Manukyan Narine, Eppstein Margaret J, Horbar Jeffrey D
Department of Computer Science, University of Vermont, Burlington, VT 05401, USA.
Department of Pediatrics, University of Vermont, Burlington, VT 05405, USA, and Vermont Oxford Network, Burlington, VT 05401, USA.
IEEE Access. 2013 Aug 28;1:545-557. doi: 10.1109/ACCESS.2013.2280086.
In organized healthcare quality improvement collaboratives (QICs), teams of practitioners from different hospitals exchange information on clinical practices with the aim of improving health outcomes at their own institutions. However, what works in one hospital may not work in others with different local contexts because of nonlinear interactions among various demographics, treatments, and practices. In previous studies of collaborations where the goal is a collective problem solving, teams of diverse individuals have been shown to outperform teams of similar individuals. However, when the purpose of collaboration is knowledge diffusion in complex environments, it is not clear whether team diversity will help or hinder effective learning. In this paper, we first use an agent-based model of QICs to show that teams comprising similar individuals outperform those with more diverse individuals under nearly all conditions, and that this advantage increases with the complexity of the landscape and level of noise in assessing performance. Examination of data from a network of real hospitals provides encouraging evidence of a high degree of similarity in clinical practices, especially within teams of hospitals engaging in QIC teams. However, our model also suggests that groups of similar hospitals could benefit from larger teams and more open sharing of details on clinical outcomes than is currently the norm. To facilitate this, we propose a secure virtual collaboration system that would allow hospitals to efficiently identify potentially better practices in use at other institutions similar to theirs without any institutions having to sacrifice the privacy of their own data. Our results may also have implications for other types of data-driven diffusive learning such as in personalized medicine and evolutionary search in noisy, complex combinatorial optimization problems.

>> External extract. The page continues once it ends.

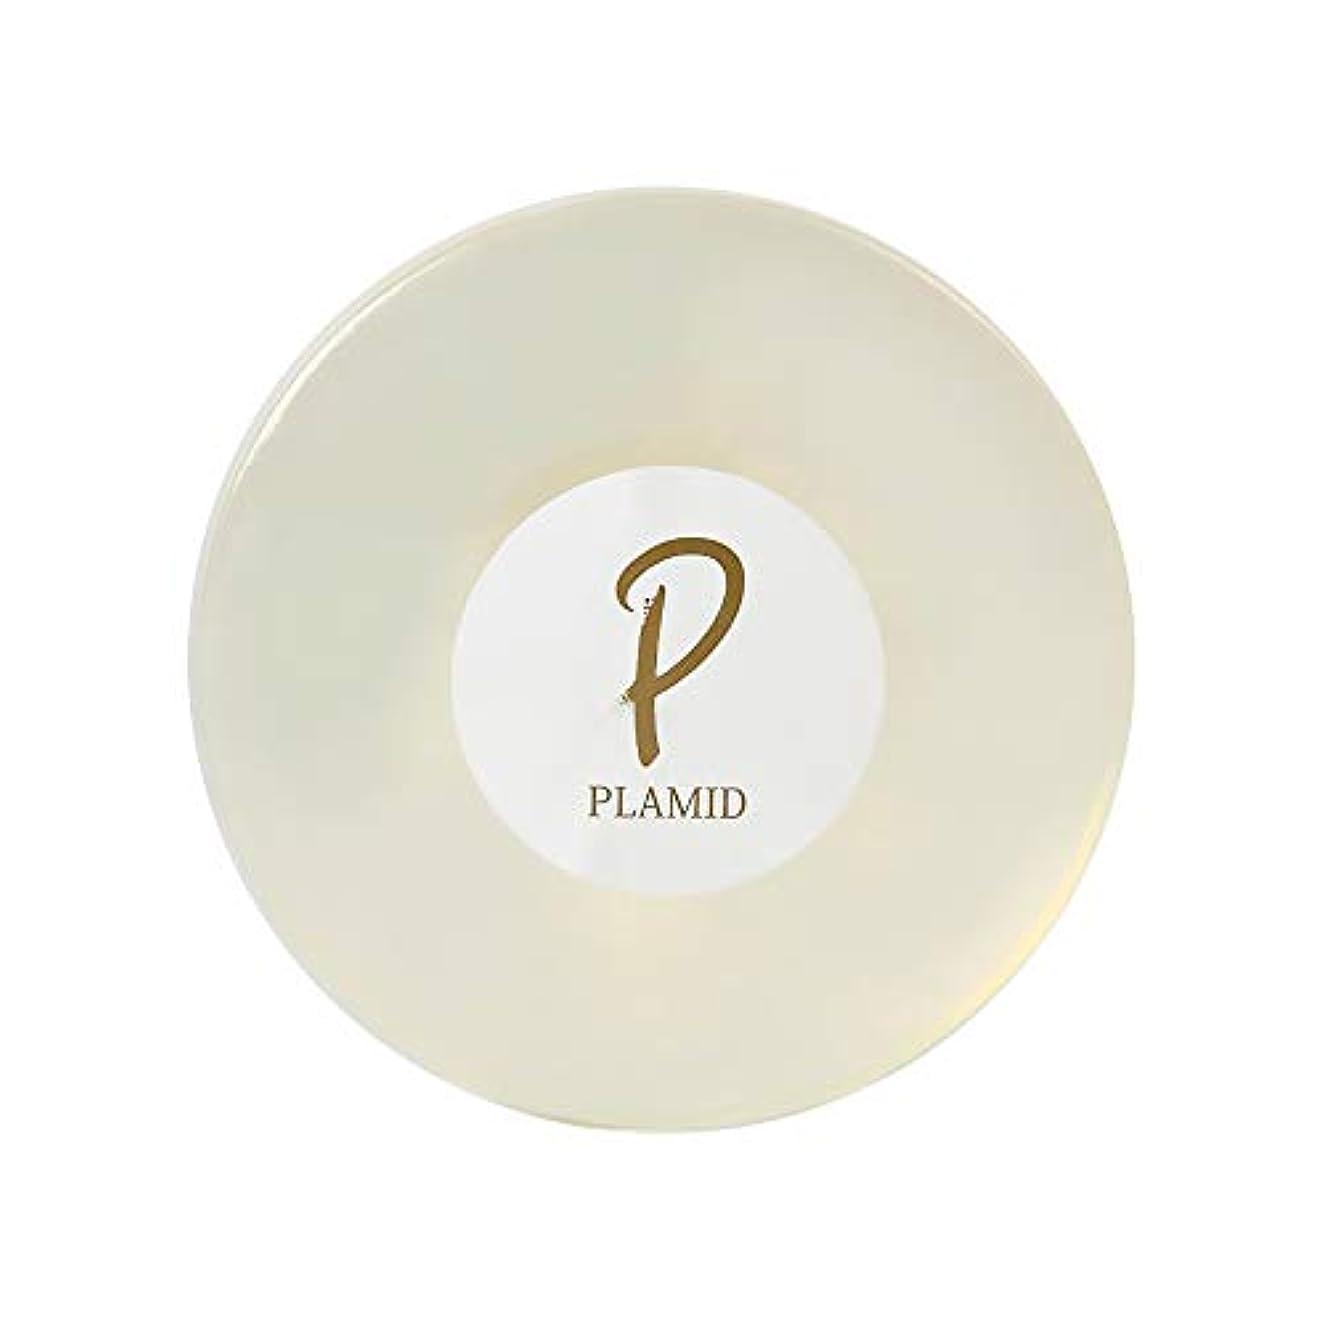 焦げ完璧な拷問PLAMID プラミドクリスタルソープ(90g)馬プラセンタ配合 透明洗顔石鹸 ROTTS ロッツ

在有组织的医疗质量改进协作组织(QICs)中,来自不同医院的从业者团队就临床实践交流信息,目的是改善各自机构的健康状况。然而,由于不同人口统计学特征、治疗方法和实践之间存在非线性相互作用,在一家医院行之有效的方法在其他具有不同当地情况的医院可能并不适用。在以往旨在共同解决问题的协作研究中,由不同个体组成的团队表现优于由相似个体组成的团队。然而,当协作目的是在复杂环境中进行知识传播时,团队多样性是否会有助于或阻碍有效学习尚不清楚。在本文中,我们首先使用基于代理的QIC模型表明,在几乎所有情况下,由相似个体组成的团队比个体差异更大的团队表现更好,并且这种优势会随着环境复杂性和绩效评估中的噪声水平而增加。对一个真实医院网络的数据检查提供了令人鼓舞的证据,表明临床实践存在高度相似性,尤其是在参与QIC团队的医院团队内部。然而,我们的模型还表明,相似医院组成的群体可以从更大的团队以及比目前惯例更开放地分享临床结果细节中受益。为了促进这一点,我们提出了一个安全的虚拟协作系统,该系统将允许医院高效地识别在与其类似的其他机构中可能正在使用的更好实践,而无需任何机构牺牲自身数据的隐私性。我们的结果可能也对其他类型的数据驱动扩散学习有影响,比如个性化医疗以及在嘈杂、复杂的组合优化问题中的进化搜索。